His analysis is smart and illuminating, particularly when discussing the flaws and occasional parental touchline rivalry in academy football, or detailing the coaching sessions he experienced under Mourinho, the “regimented” Maurizio Sarri and “the most intense” Antonio Conte. His insight into his former coaches Sarri and Edwards, breaking down the precise drills they use to perfect their pressing, is absorbing.

First, however, to Sammut himself and the most challenging summer of his young career.


“Footballers have an ego thing going on,” Sammut admits. “I had to drop my ego this summer and be realistic. I know players released by Chelsea who had not gone anywhere and were just training at home. I wanted to be proactive. I knew by going on LinkedIn and messaging managers, assistant managers, technical directors, and, yes, making myself vulnerable, it could put me in a shop window.

“I effectively had a season out of first-team football at Sunderland. I played for the under-23s but my eyes have been opened during the last couple of years. I went to Woking and the manager made jokes, saying he went to an under-23s game and there wasn’t even a tackle. At Chelsea, we got to the semi-final of the EFL Trophy and proved we can play at that level but under-23 teams playing against each other is not quite the same. I have spoken to managers who said we need to play men’s football for scouts to take you seriously. I got caught under the blanket of playing under-23s football for too long and should have gone into men’s football a year earlier.”

It must be a difficult mental transition, though, to go from representing Chelsea in youth tournaments, wiping the floor with opponents, to take a punt on a loan move to the fifth or sixth tier of English football.

GettyImages-611650452-scaled.jpg

Sammut nods. “It is a shock to the system. If you drop to that level, you feel like you have failed yourself. Now I am that little bit older, I accept I need to play at that level to progress. I had players either side of me at Chelsea who have first-team careers and you can start to think, ‘Man, I have had to drop down to this level.’ At Sunderland last season, the hardest day was Saturday. I went to games and felt I could offer something in the team. A lot of players I played with in youth teams are playing on Saturday. If they are playing and you are sat at home or in the stands, you can feel like (a spare part). I am honest enough to admit there have been times where I started thinking about opponents I played against in rival teams over the years.

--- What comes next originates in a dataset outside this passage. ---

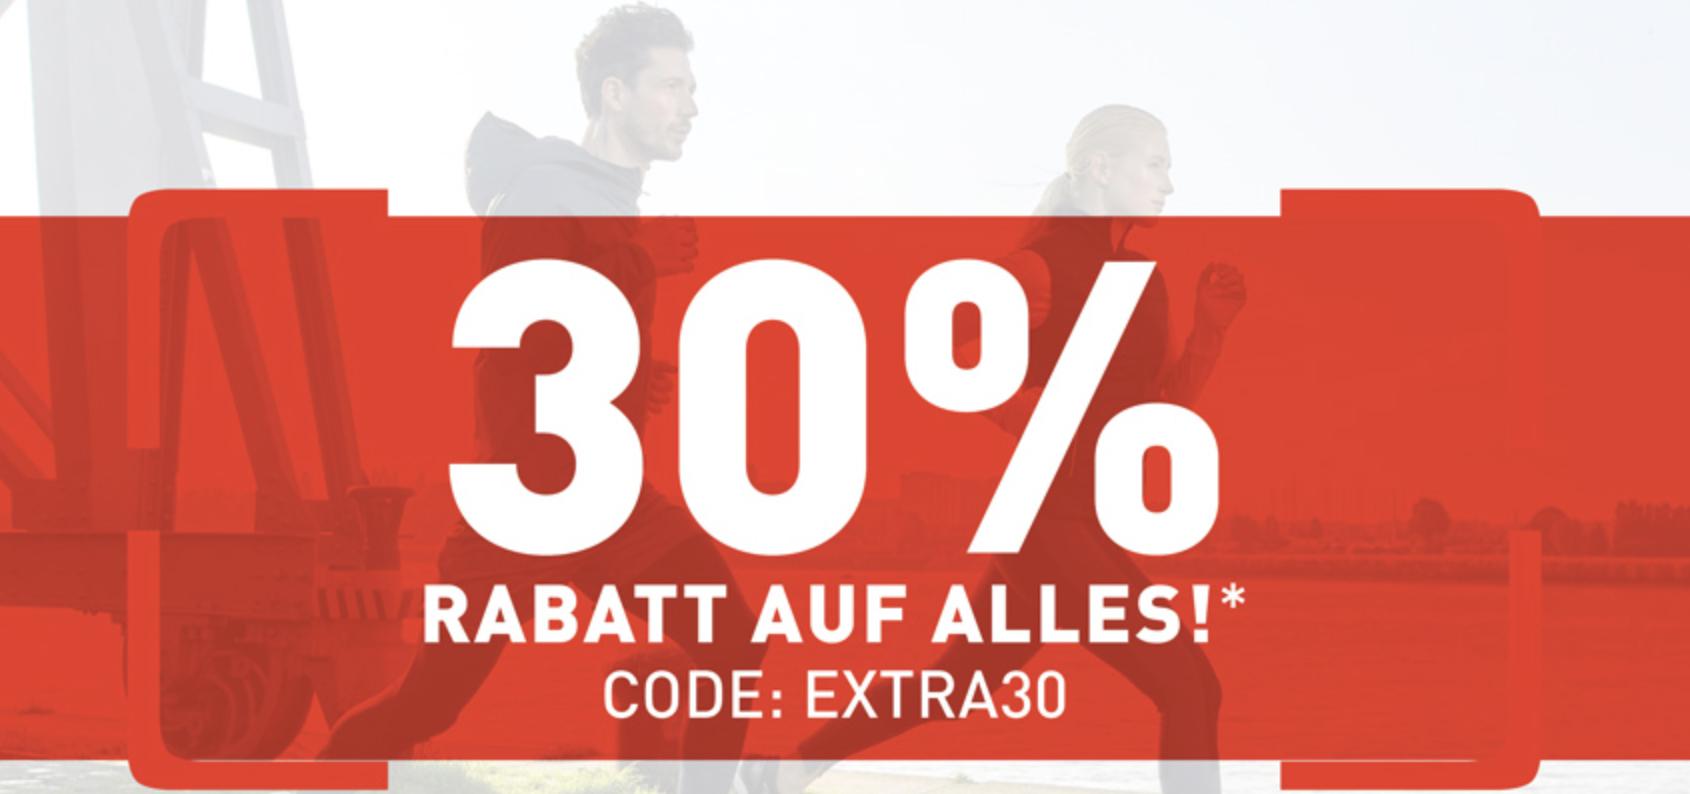 Runnerspoint: 30% Rabatt auf ALLES inklusive Sale

You start to think, ‘I wish I got that move he has had, we used to beat them 4-0 or 5-0, they used to never get near me and now they are having a great career in League One, how has he got that?’ But I cannot fall into that trap.

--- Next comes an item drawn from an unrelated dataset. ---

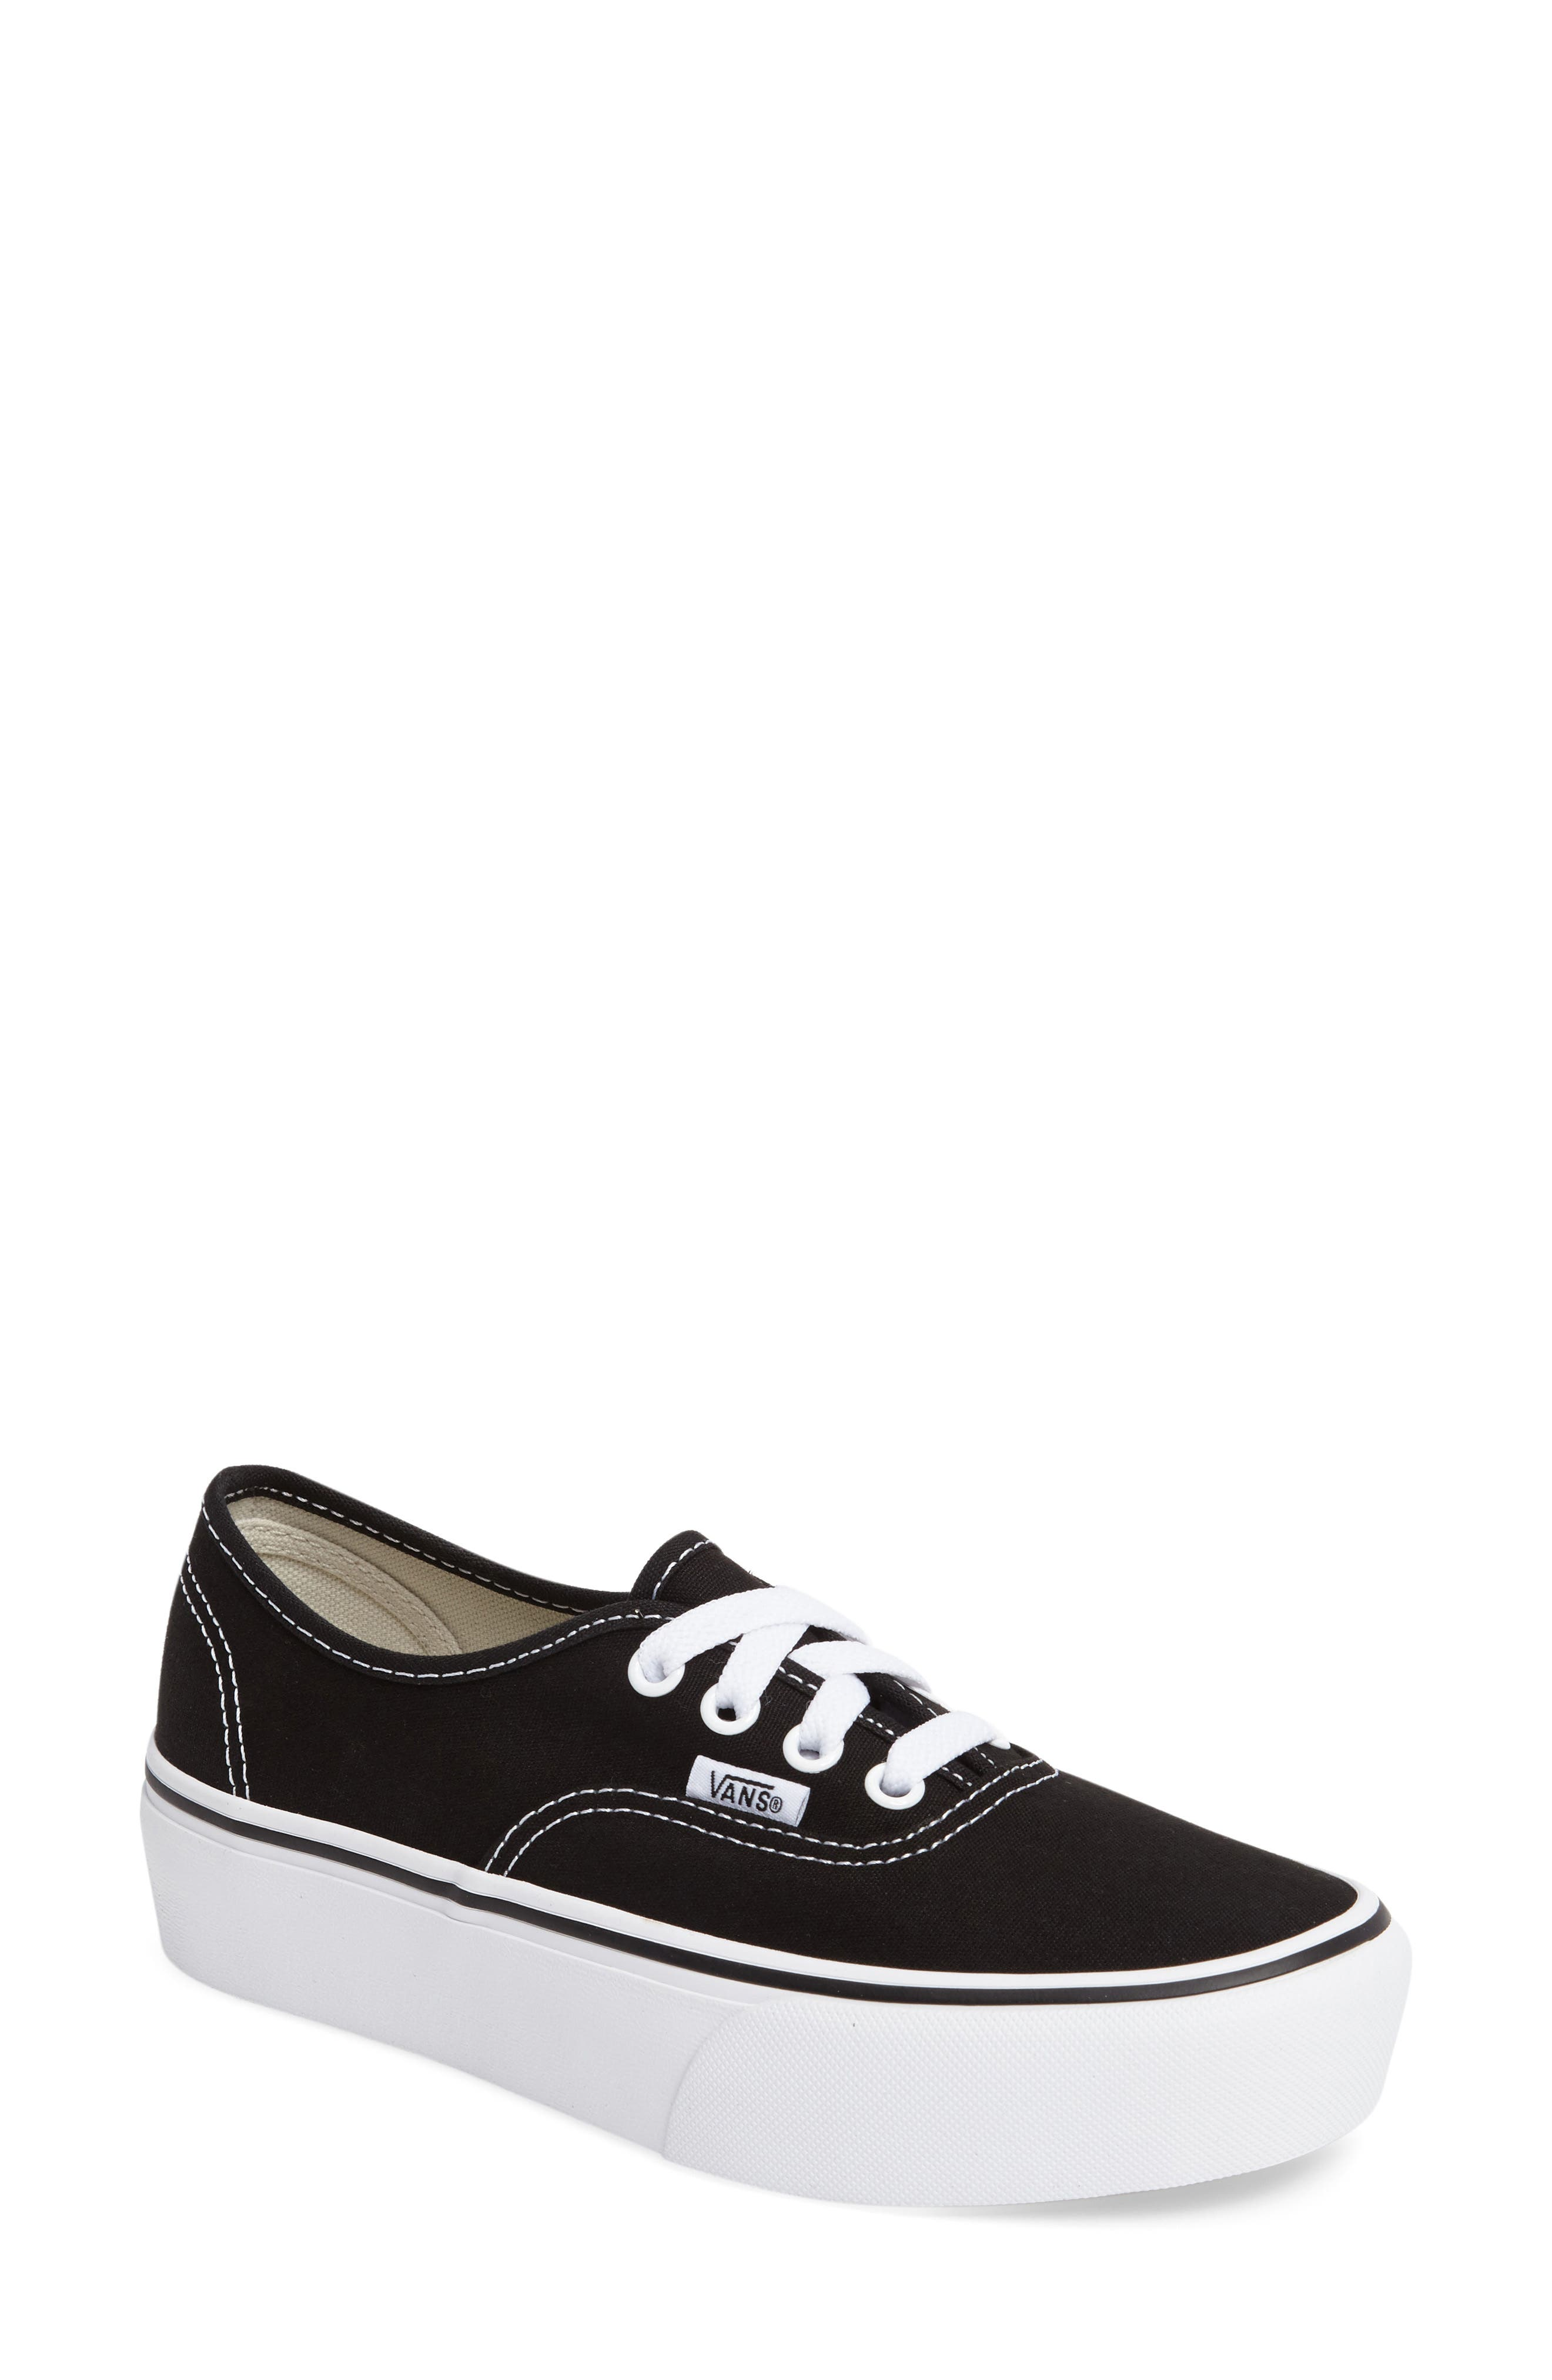 c9dc80b2aa4 ... UPC 190850300174 product image for Women s Vans  Authentic  Platform  Sneaker

“I know some players fall out of the game and would rather not play at that lower level. Some just quit. Football is a weird world. You ask, ‘I wonder what happened to so-and-so’ and find out he is not in the game anymore and they are doing a ‘normal’ job. When I was 19, I could have dropped my ego. I was trying to go to League One teams on loan but nothing was really coming up because they went for more experienced players. I should have gone to a National League team for half a season.

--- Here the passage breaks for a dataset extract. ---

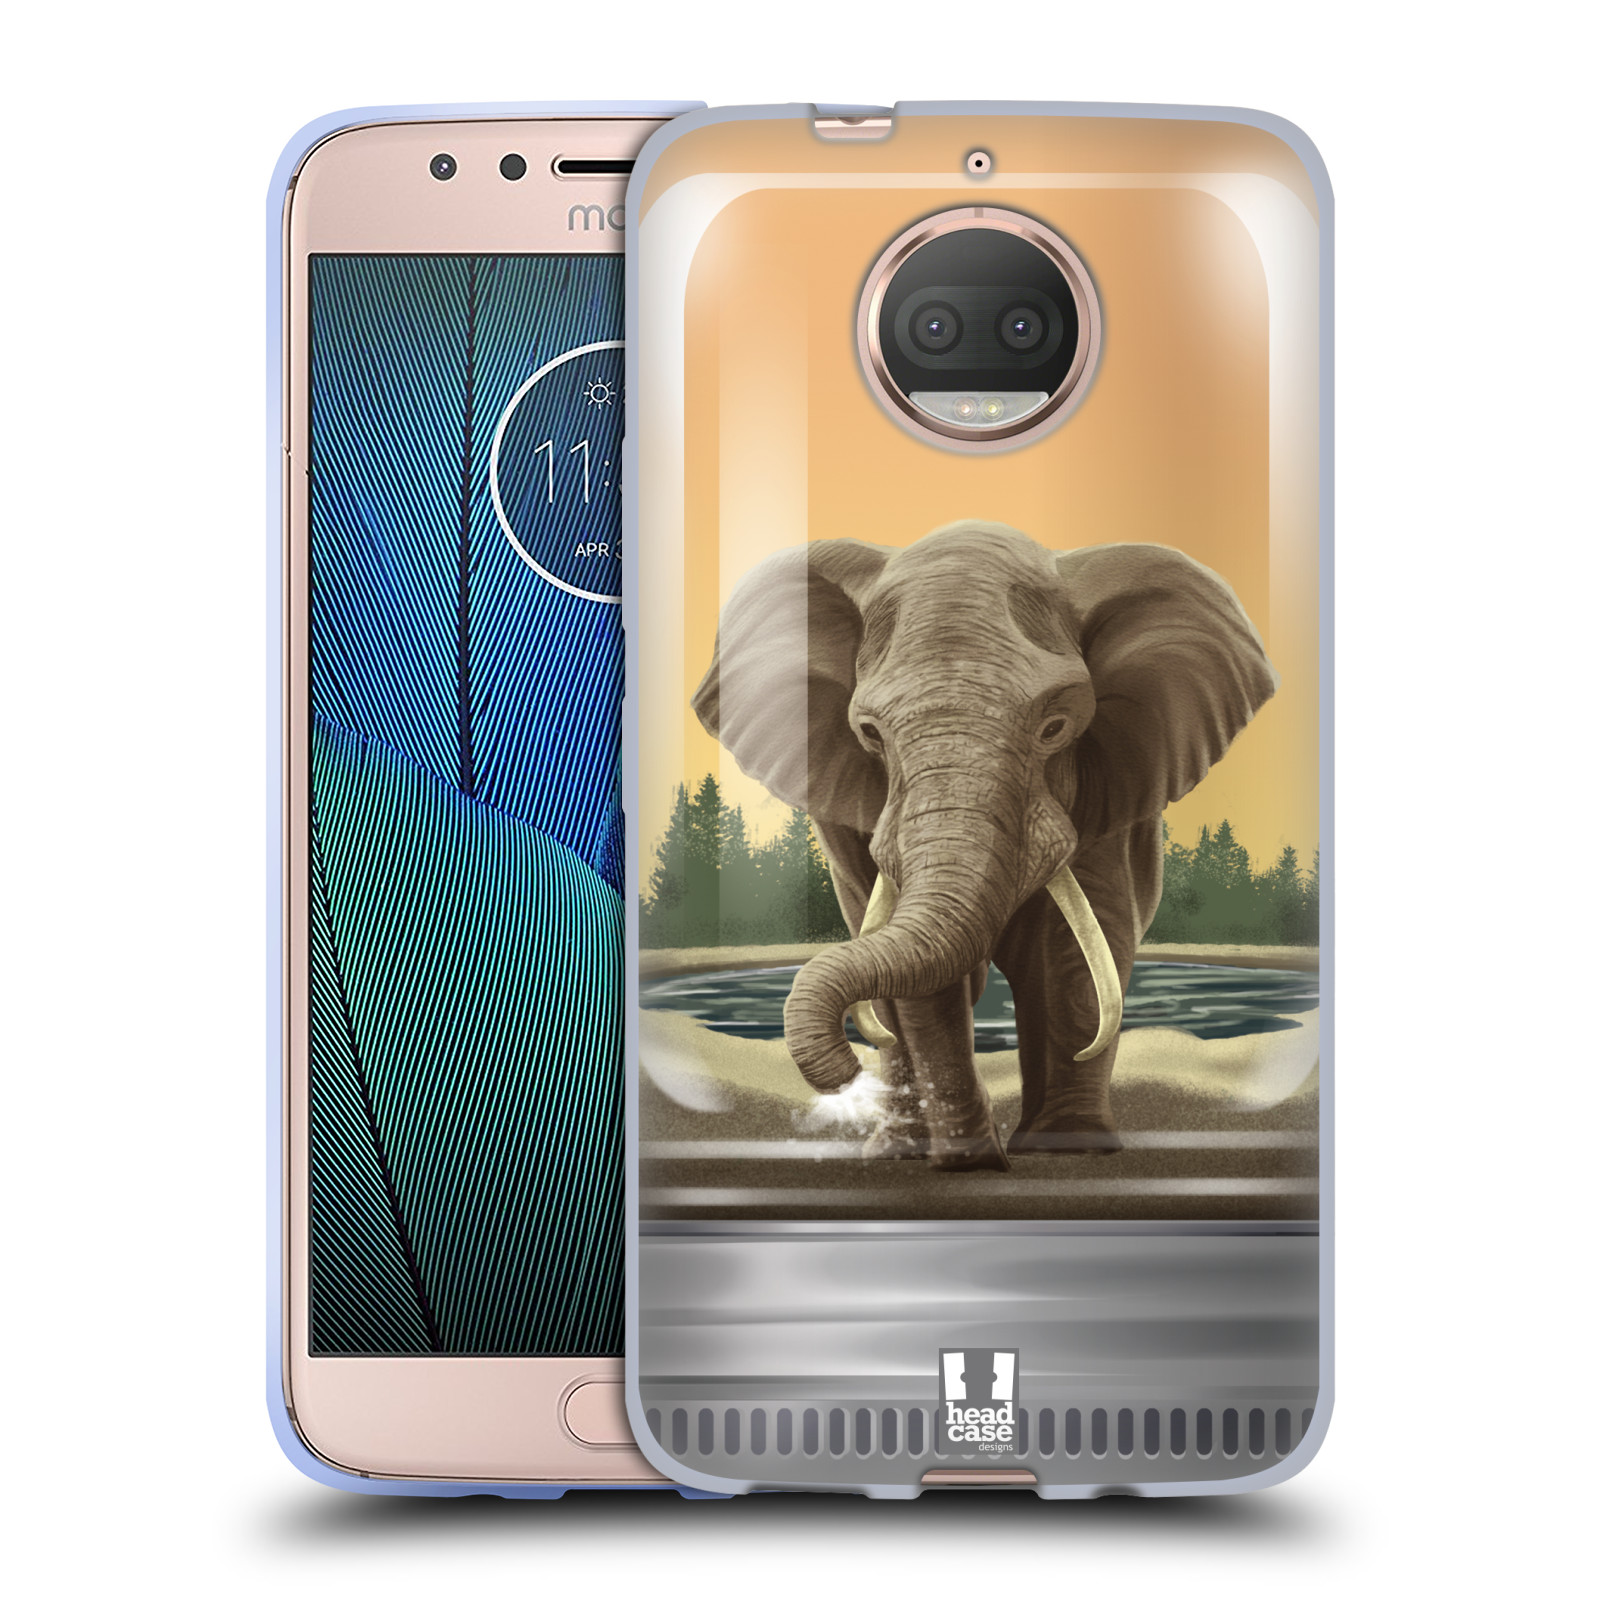 HEAD CASE silikonový obal na mobil Lenovo Moto G5s PLUS vzor Zvířátka v těžítku slon

“Premier League academy players have the dream of being a Premier League player. You are thinking ‘I am a lot better than the fifth or sixth tier’ but the reality is you have not proven yourself to be that. If you are resilient and strong-minded, you can come back up. N’Golo Kante was in the ninth division of French football five years before winning the title at Leicester and now he has won the World Cup. Five England players in the last squad came through non-league. It can be done. I just need to be playing football. Dulwich’s coach Gavin Rose is a friend of Jody Morris, a really good coach and wants to play through the thirds. He doesn’t want to play route one. He sees Dulwich as a good place to develop players and sell on to higher leagues. It is up to me to show my quality.”


Reared in the Chelsea academy, Sammut impressed coaches with his application and his skill. As a six-year-old, he first trained at Arsenal’s Hale End facilities alongside Crystal Palace’s Ebere Eze, QPR’s Chris Willock and Reading’s Ovie Ejaria. Then a dad on the touchline tipped off Sammut’s own father about a Chelsea trial day.

“Chelsea had won the league with Mourinho,” Sammut recalls. “They asked if I wanted to keep going and I just loved it. Jim Fraser is now the assistant academy manager and he took a shine to me. Dad wanted me to listen to coaches and one of the things he really taught me was to give eye contact when people are talking to you, as a lot of kids get distracted. I listened to everything and did what I was told. My attitude got me through the academy more than my ability —  there were more talented players with a worse attitude who did not go as far as me. I became the under-23s captain because I led by example.”

sammut-2014-scaled-e1603297446775.jpg

Sammut notes how the dynamics of academy football change through the age groups. What begins as fun becomes more competitive as the teenage years creep up. He explains: “Another dimension becomes apparent as players get sponsorship deals and may be called up for England. Now it becomes serious and there is serious money involved. It becomes tough for parents. Mum and Dad would say this to you. There is even competition, like ‘your kid has a Nike deal’ and things start to change and there is a new dynamic. I didn’t have an agent until I was 16, when the academy manager Neil Bath came to me and explained I would sign a contract when I was 17. Neil said it would be wise to get an agent. I had never thought about getting one, to be honest, before that. Agents came to games and a few would approach your parents. I wanted someone I could trust and had my best interests at heart. It is hard for parents to know what is the best thing to do for their child. You are so naïve at the time because you have never experienced it.”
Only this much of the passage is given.